Быстро собралась и пошла в магазин, а то после четырех уже закроют.
У реки встретила умную женщину. Это Любка сразу поняла. Из дачников. Стоит и рисует кисточками давно известную Любке реку: кудри зеленые ив по берегам, а сама вода-то аж цвета неба, и там, вдали, сливается с небом этим, прямо в небо утекает.
Вот эта умная женщина и сказала ей, что, мол, сомневаться в себе тут не стоит, бери холст и рисуй сразу масляными красками.
– Так сразу? – удивилась Любка.
– Ждать некогда, – сказала умная женщина. – Жизнь сразу кончается вон там… – она ткнула на холсте в место, где река улетала в небо…
И она наговорила Любке с три короба, суть которого сводилась вот к чему. И вот в какой-то момент до одного из тысячи доходит, что он есть потребитель, пусть потребитель кино или театра, литературы или живописи. Но потребитель. Если в первом приближении до него доходит эта мысль, то он вдруг останавливается и решает сам попробовать, допустим, снимать кино, играть в театре, писать рассказы, рисовать картины. То есть он отходит как бы ото всех, ходящих по земле, и улетает на облако творчества. Он становится производителем, слово, разумеется, многослойное, но ему есть сходное по значению слово – «творчество». Он с этой точки прозрения своей души становится творцом.
– Стра-а-ашно… – вымолвила Любка.
– Слабакам в искусстве делать нечего, – сказала умная женщина и продолжила: – Вот стою у картины в галерее. Здесь квадрат, черный. Там – безличный пейзаж. Это Малевич, а пейзаж можно приписать почти каждому реалисту… Хотя пейзаж Левитана – это Левитан. Картина – окно, сквозь которое художник преображает нереальную реальность, играя освещением, создавая настроение. Картина открывает единственный душевный мир, создает бессмертного художника. Сколько их, особенных видений, существует, никто не считал, да это и не нужно. Зачем? Смотрю, восхищаюсь, вглядываюсь, размышляю о том, как это трудно, мучительно и прекрасно, когда они есть: Веласкес, Врубель, Кандинский, Фальк…
– Это да-а-а-а… – согласилась, ничего не понимая, Любка.

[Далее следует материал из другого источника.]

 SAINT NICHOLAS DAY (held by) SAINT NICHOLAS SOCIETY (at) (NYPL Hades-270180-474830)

– А то вот бывает так… – сказала умная женщина. – Чуть ли не ежедневно приглашают на вернисажи. На выставках представлено множество картин. Изредка бываю. И запоминаю одну какую-нибудь вещь. Вспомнишь ее, и сразу вытягивается целая цепь полотен художника. У каждого крупного художника есть одна ударная картина. По ней весь мир раскрывается. Вот, к примеру, «Грачи прилетели» – это сущность народа, проживающего на бескрайних просторах снегов и болот. Саврасову удалось постигнуть невероятную тоску по свободе. Я думаю, сам художник не знал, как он этого добился. Но шедевр этот неизменно тревожит каждое новое поколение, мечтающее о свободе...
– О сво-о-боде… – прошептала Любка, смутно припоминая «Грачей» из школьного учебника.

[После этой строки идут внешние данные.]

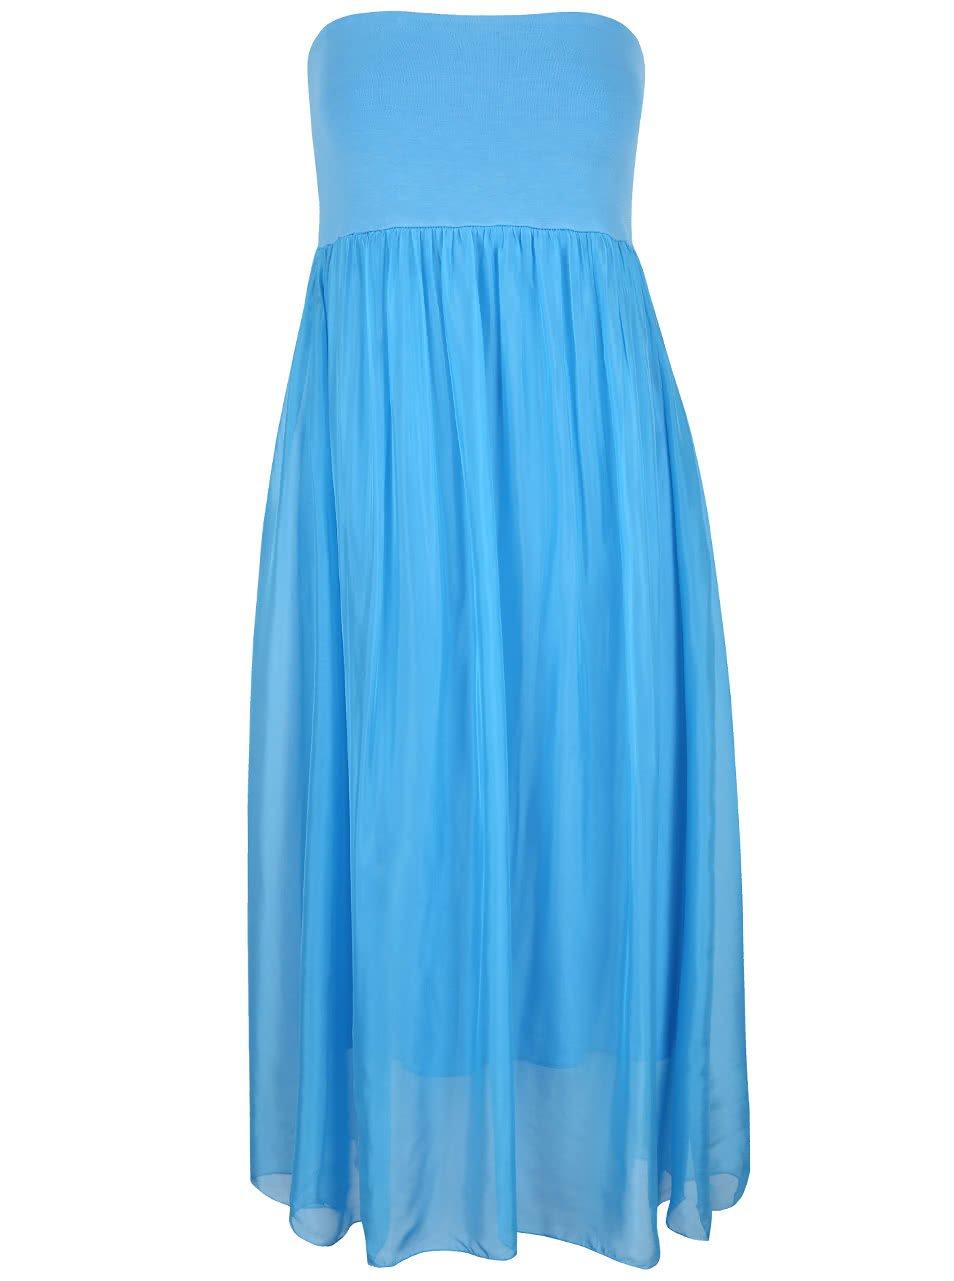 Světle modré šaty Alchymi Torenia
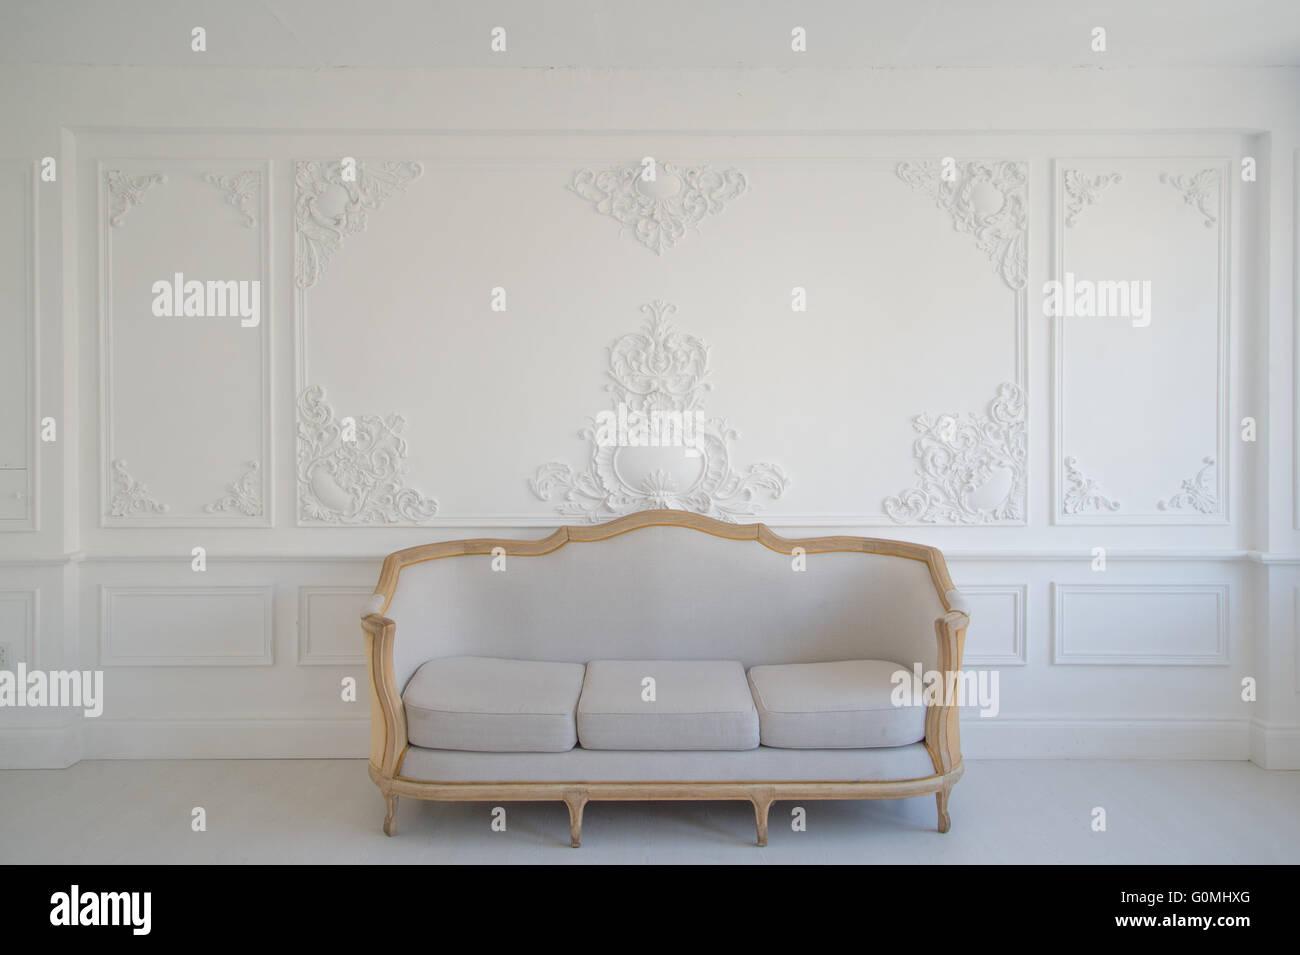 wohnzimmer mit antiken stilvolle licht sofa auf luxus weiße wand
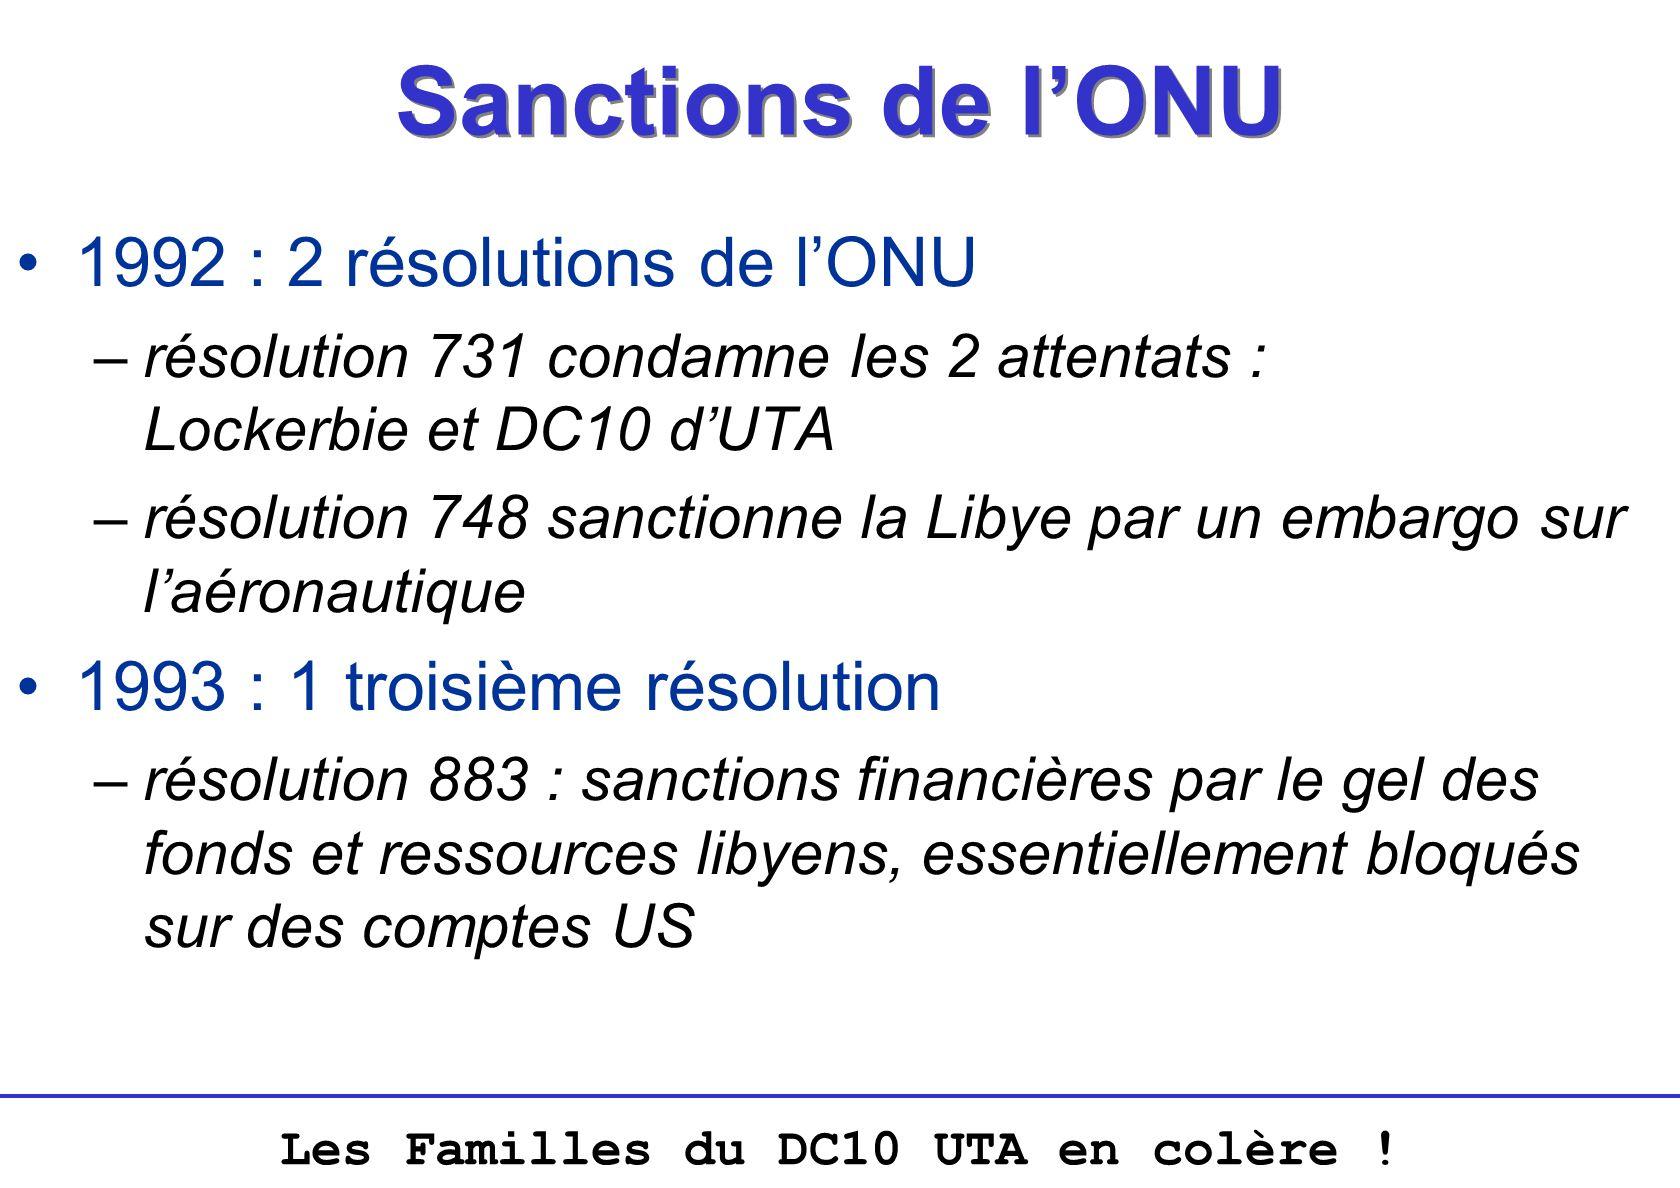 Les Familles du DC10 UTA en colère .1996 Lettre du colonel Kadhafi à M.

Любке так понравилось слушать умную женщину, что она, казалось, обо всем забыла.
Но одна мысль все время крутилась в голове Любки: «Бог мне, что ли, послал эту умную женщину?»
А та еще говорит:
– Все привлекает меня в персиках – шарообразная форма, нежный цвет, аромат, вкус! Цвет, который раньше называли телесным, теперь – персиковый, и такое определение более соответствует ему. При слове «персик» перед моими глазами всегда возникает картина Серова «Девочка с персиками». Мягкие тона персиковых листьев подчеркивают детскость, наивную солнечность картины. Кость у персика испещрена причудливыми извилинами, как мозг человека, из чего я невольно делаю вывод, что персики не только вкусные, но и очень умные…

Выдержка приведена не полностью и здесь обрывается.